On her scant breaks from the show, Leighton Meester was featured on Cobra Starship’s 2009 Billboard Hot 100 single “Good Girls Go Bad” and co-starred in half a dozen movies, including the comedy Date Night with Tina Fey and Steve Carrell, the Oscar-nominated drama Country Strong with Gwyneth Paltrow, and thriller The Roommate with Minka Kelly. When Gossip Girl came to an end in December 2012, Meester focused her energy on music and theater; she made her New York stage debut in Of Mice and Men in April 2014 and released her debut LP Heartstrings October of that year. In her personal life, what seemed like 2000s teen drama fanfiction came to life: She married Adam Brody in February 2014 and became a mother in August 2015.

And now, nearly 10 years after she was introduced to the world, Meester is headed back to television with Fox’s Making History, which premieres March 5. When asked what led her to sign onto another series, Meester said, completely stone-faced, “Am I broke?” Then, she broke out a giant smile and let out an equally large laugh.

The truth is, after all those years of working nonstop, Meester found herself in the luxurious position of not having to work — but then she read the script for Making History and “it just spoke to me,” she told BuzzFeed News at the Market Cafe in Westwood, California. The time-traveling comedy unexpectedly ticked off every box on her seemingly impossible checklist of requirements for a potential return to TV.

First, there were the creatives behind the project: She called creator Julius Sharpe “the best boss ever” and has been trying to work with executive producers Phil Lord, Chris Miller, and Seth Cohen ever since she auditioned for January Jones’ role on The Last Man on Earth. (And yes, she is keenly aware her new boss shares a name with her husband’s iconic O.C. character. “It took a while for that to come up … and one day I was like, ‘Do you know?’ and before I could finish he was like, ‘Yes, Leighton. Yes, I know,’” she recalled with a “like duh” giggle, her wickedly self-deprecating sense of humor emerging yet again.)

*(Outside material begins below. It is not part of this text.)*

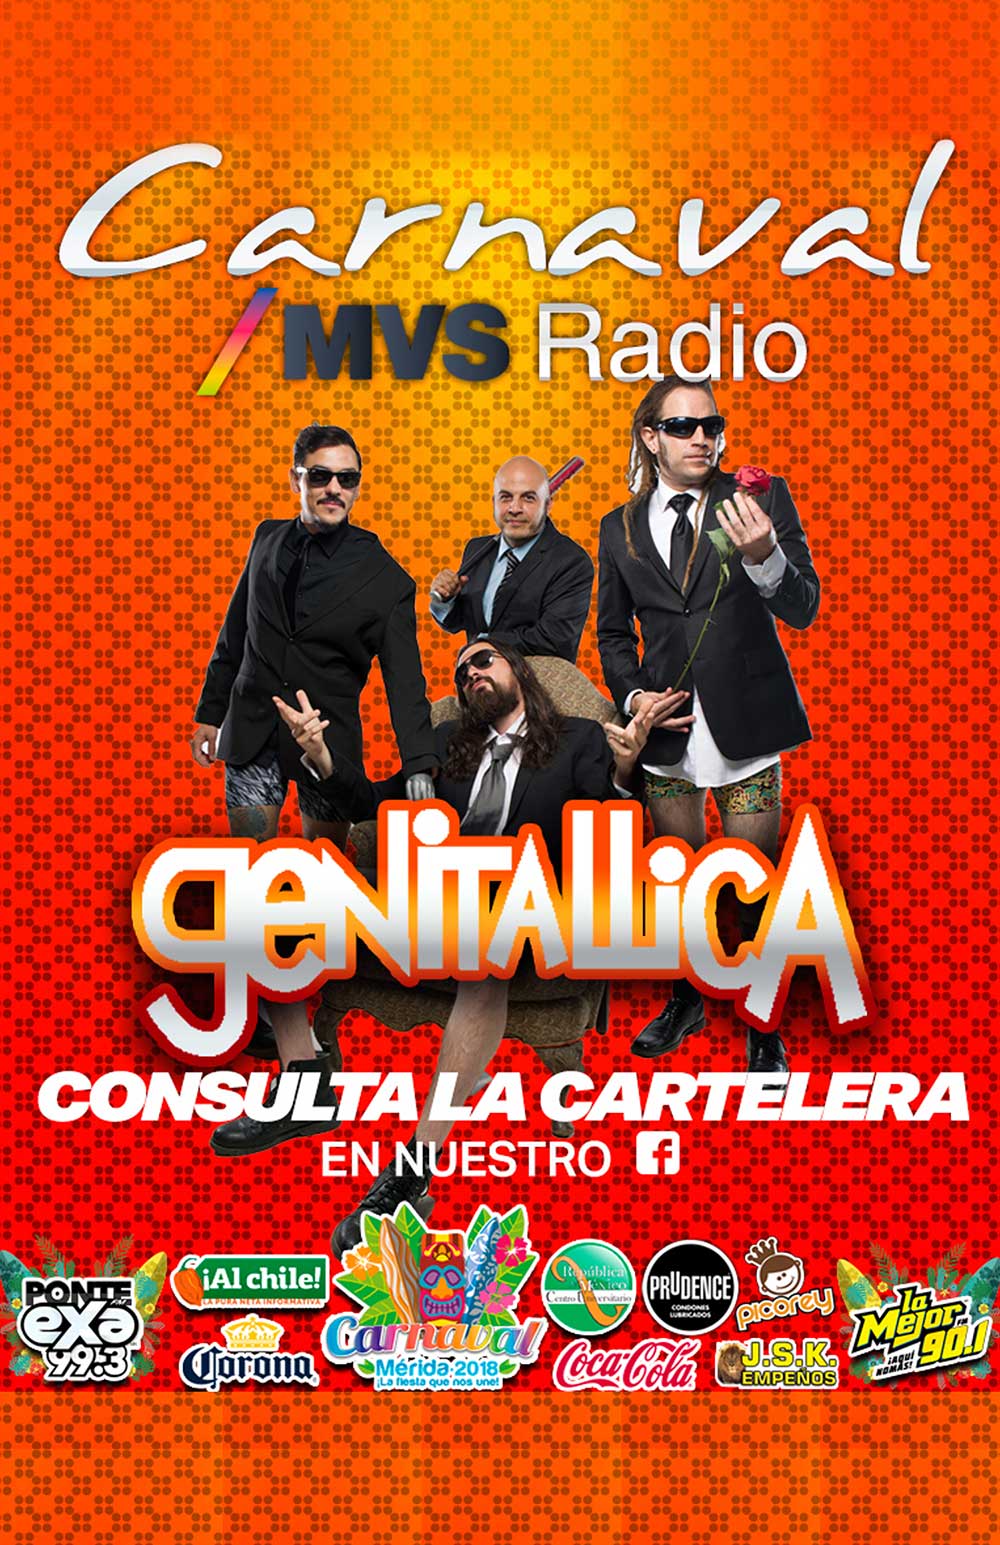 Genitallica @ Carnaval MVS Radio

“I love the other things she’s doing that typically you would see men doing.”

Then, there was the schedule. “I wouldn’t want to be in something that’s an hourlong either soap or procedural,” Meester said, noting that it is “much more grueling to do” 22 to 24 episodes per year. “You have 10 months, you’re on set five days a week, 15 hours a day, you don’t see sunlight,” she said, speaking from the experience of six seasons on Gossip Girl. “I wouldn’t have wanted to repeat that. … It was very much in its time and place. I think it’s just more exciting to be in something I find to be more of my current taste. With any character I’ve played, I wouldn’t want to repeat it. That would be boring.”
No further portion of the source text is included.